Use of unassigned parameter compiler error, for a variable received from a function out parameter?

Question

Today I encountered (by mistake) a weird compiler error and I don't understand the reason for it (compiler issue maybe?). .Net Framework 4.0 and Visual Studio 2019 if that matters.

The exact error is "Use of unassigned local variable 'value'" at the if after the TryParse. The code compiles fine if I use s or I cast d.s to string.

using System;
using System.Dynamic;

namespace TestConsoleApp
{
    static class Program
    {
        static void Main(string[] _)
        {
            string s = "1";

            dynamic d = new ExpandoObject();
            d.s = s;

            if (d.s != null && int.TryParse(d.s, out int value))
            {
                if (value == 1)
                {
                    Console.Out.WriteLine("OK!");
                }
            }
        }
    }
}

Answer 1

On the first sight it looks like a compiler bug. If you remove the d.s != null-check, which is unnecessary anyway, it will compile fine. But i think this comment here explains it: https://github.com/dotnet/roslyn/issues/39489#issuecomment-546003060

---

Unfortunately, this is not a bug, this is caused by the existence of true/false operators in C#.

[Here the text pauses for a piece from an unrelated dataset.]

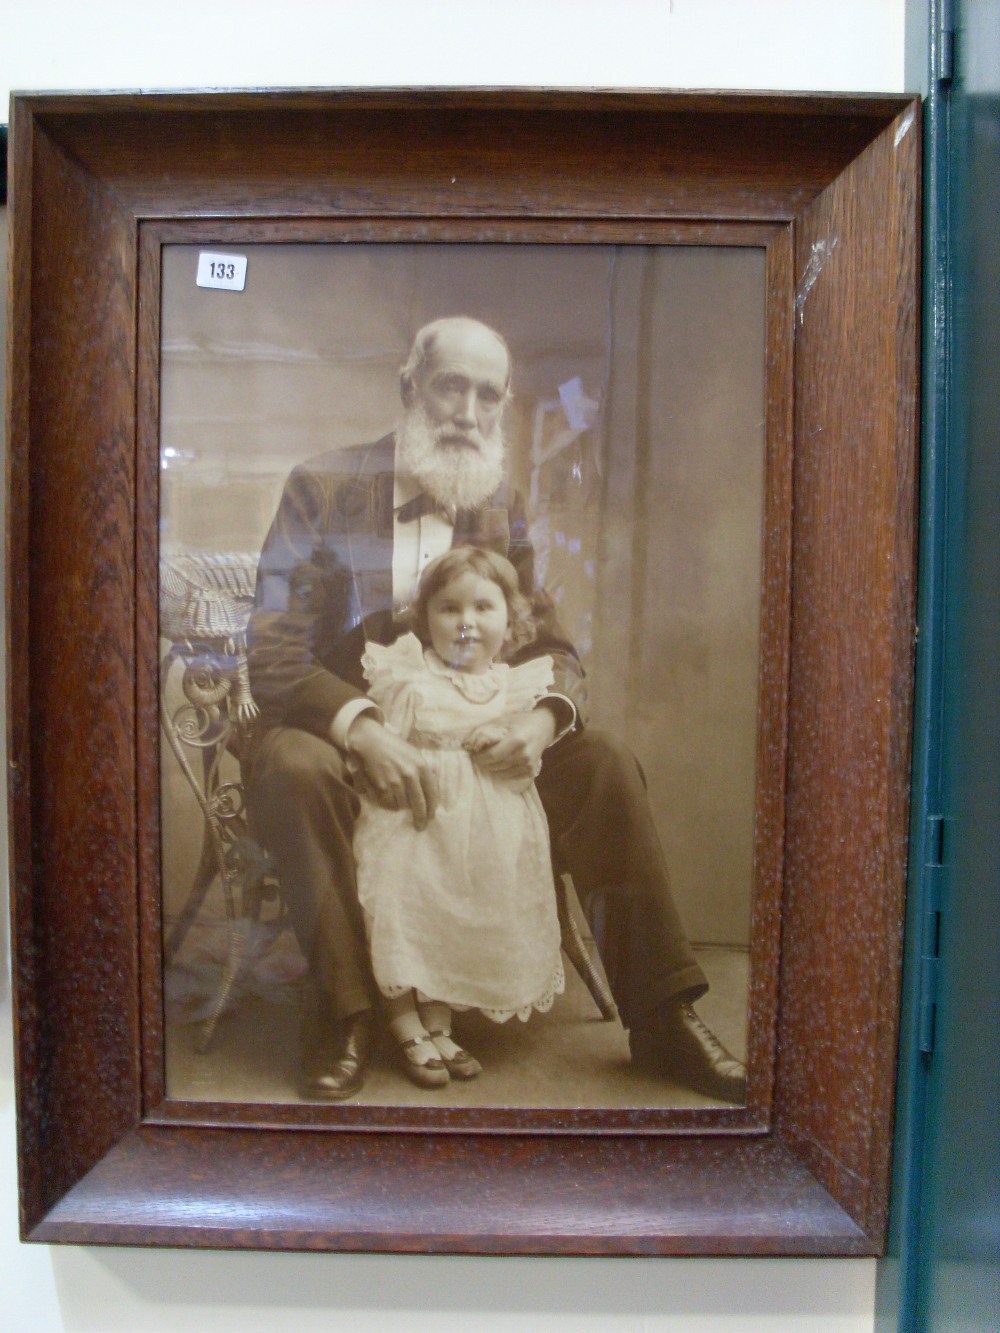 Victorian photograph of a gentleman and child by William J. Millrik of Paisley, 1899.

You can define a type that would evaluate to true under left operand of && expression without evaluating the right operand of &&, something like this:

class C {
  public static U operator==(C c, C d) => null;
  public static U operator!=(C c, C d) => null;
}

class U {
  public static U operator &(U c, U d) => null;
  public static implicit operator U(bool b) => null;
  public static bool operator true(U c) => true;
  public static bool operator false(U c) => false;
    
  public void M(C c, object o) {
    if (c != null && o is string s) {
      s.ToString(); // CS0165: Use of unassigned local variable 's'
    }
  }
}

When working with values of type dynamic, C# has no static information about the type and it's overloaded operators, so it assumes the "worse" - type like U in example above.